Patients who have limited capacity to consent to research projects due to learning difficulties, delirium, dementia, or related conditions represent another area of diversity for consideration. These groups of patients are often underrepresented in studies, Turner said. Based on his experience, patients at the sickest end of the spectrum have comorbidities and polypharmacy that can be barriers to enrollment in studies; however, these patients could benefit from pharmacogenomics knowledge. Turner asked about any initiatives to include this cohort in genomics programs while also protecting and preserving their dignity. The field needs to think very broadly about the groups that are underrepresented in genomics research, Knight said. Another underserved population is people with multiple morbidities who live in highly rural areas in the southern United States, she added. Horowitz observed that some individuals who are thought to be unable to consent actually can consent when appropriate language, literacy level, and techniques are used (e.g., the teach back method). On the other hand, she cautioned, it is important not to coerce people or to assume understanding based on physical cues. Bonham added that the All of Us initiative is being very thoughtful about how it defines diversity and is considering factors beyond those of economics, race, and ethnicity.

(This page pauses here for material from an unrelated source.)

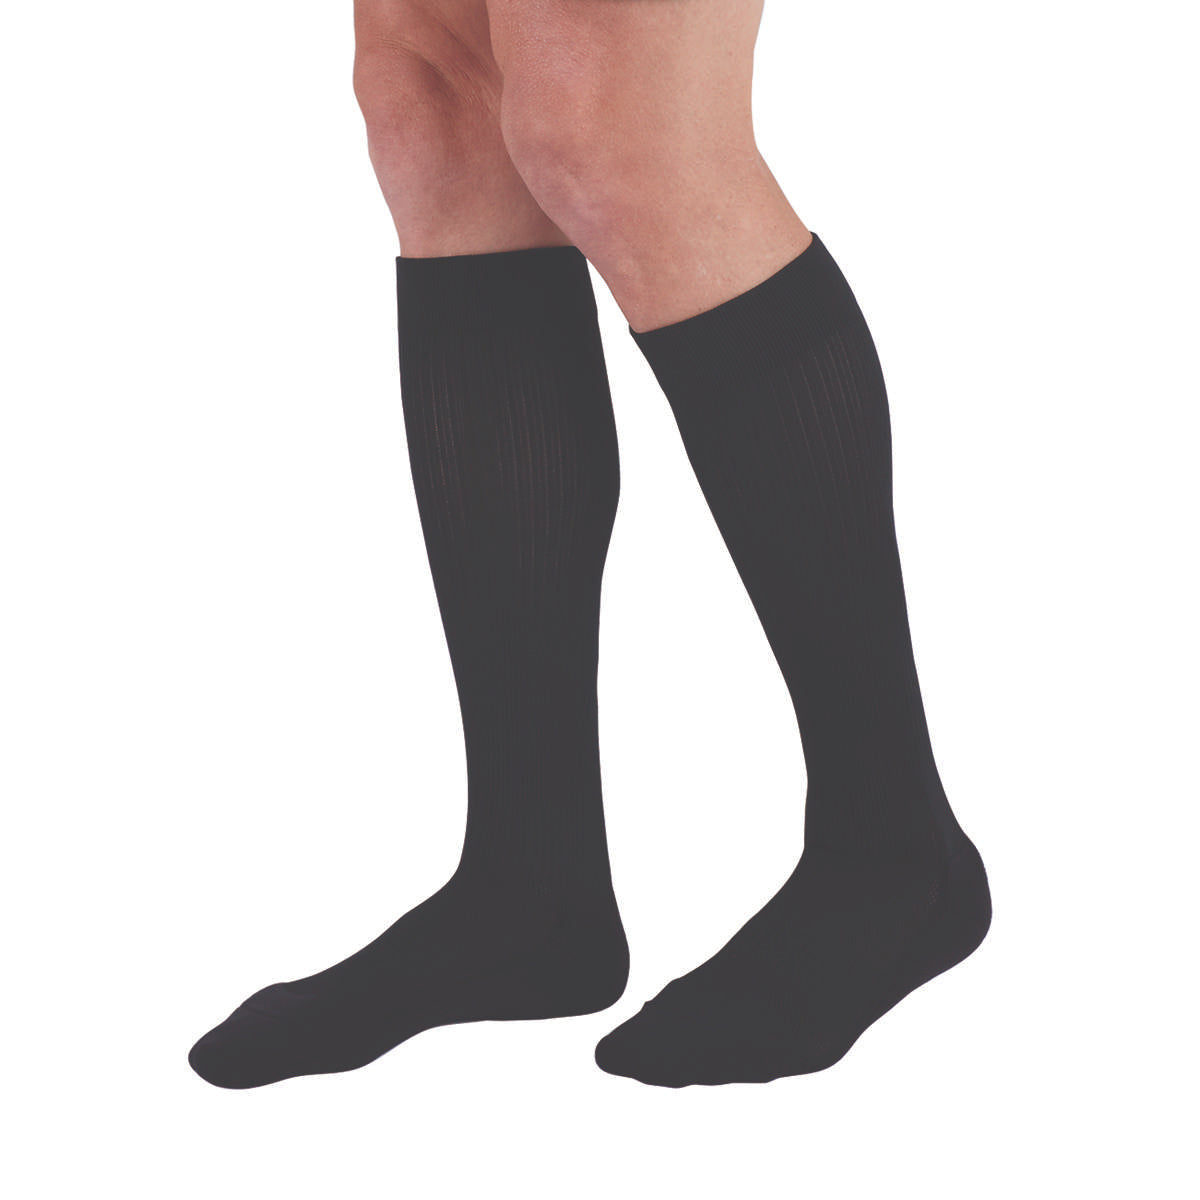 duomed relax 15-20 mmHg Calf High Closed Toe Compression Stockings
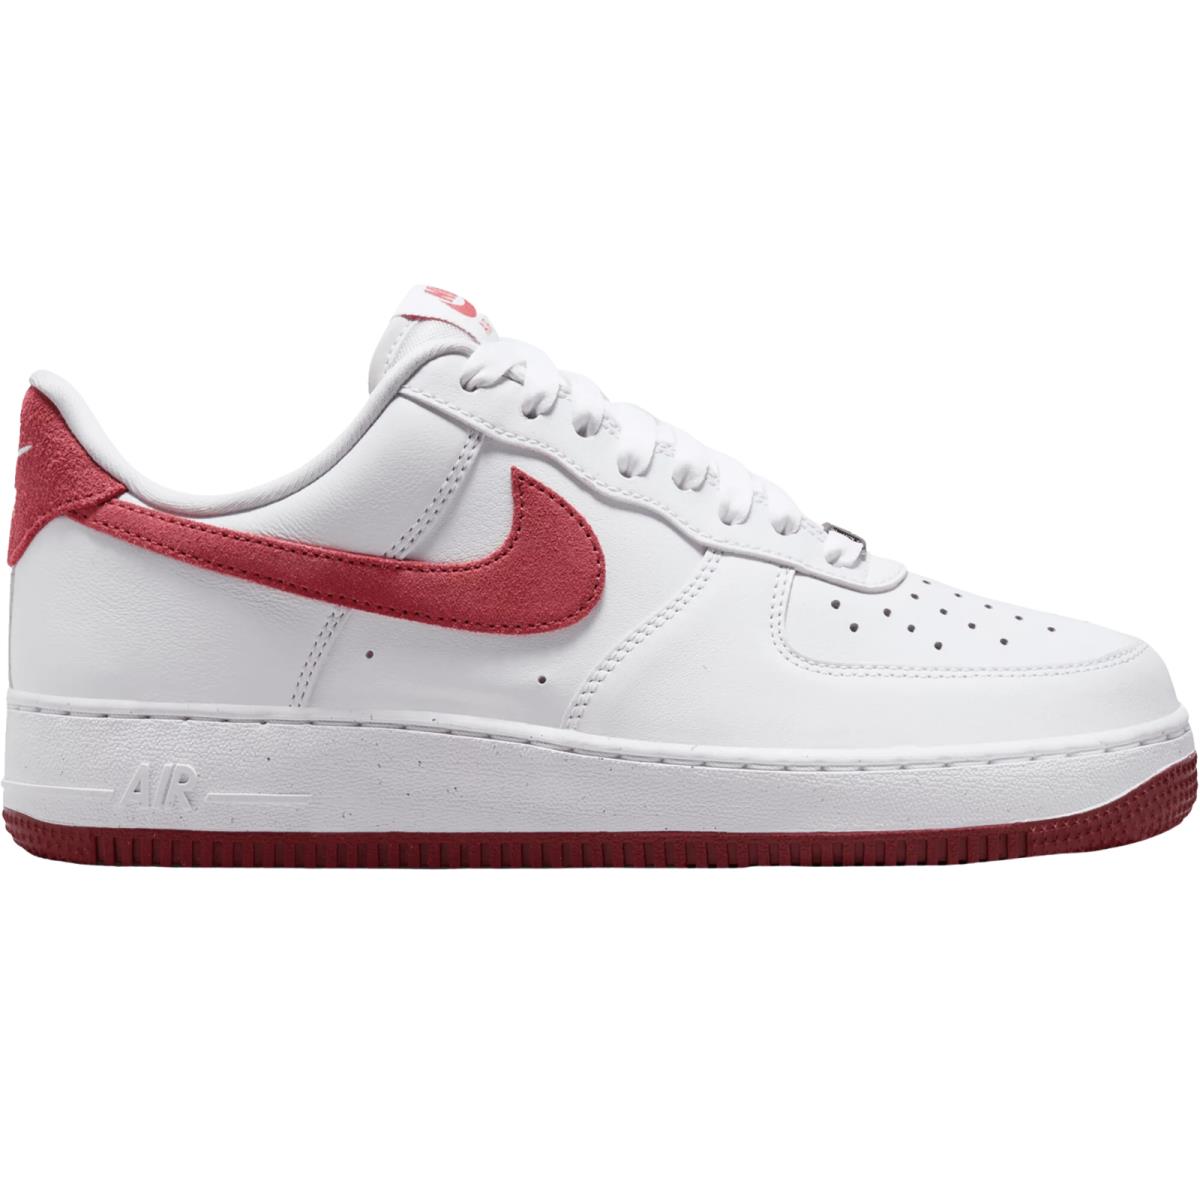 Nike Air Force 1 Women`s Casual Shoes All Colors US Sizes 6-11 White/Team Red/Dragon Red/Adobe

Building trust with diverse groups to encourage participation in genomics is important, and having trusted brokers to facilitate communication and engagement with underserved or diverse populations would be helpful, said a workshop participant. The community health worker model has been found to be a very well-accepted way of engaging the community, Kho said, but there has to be a willingness to learn and listen based on the context of where you are. Horowitz suggested directly asking the group that you wish to engage with whom they trust. For example, some of the younger people in the communities they serve have become less trusting of churches, meaning that other trusted brokers need to be identified, she added. Asking small business owners and leaders in the business community in small southern towns to become more involved in stakeholder groups could be another solution, Knight said, because businesses are often a hub where people congregate. Business owners are very knowledgeable about their communities and can be influential as representatives of their communities on advisory boards or panels that are involved in engagement.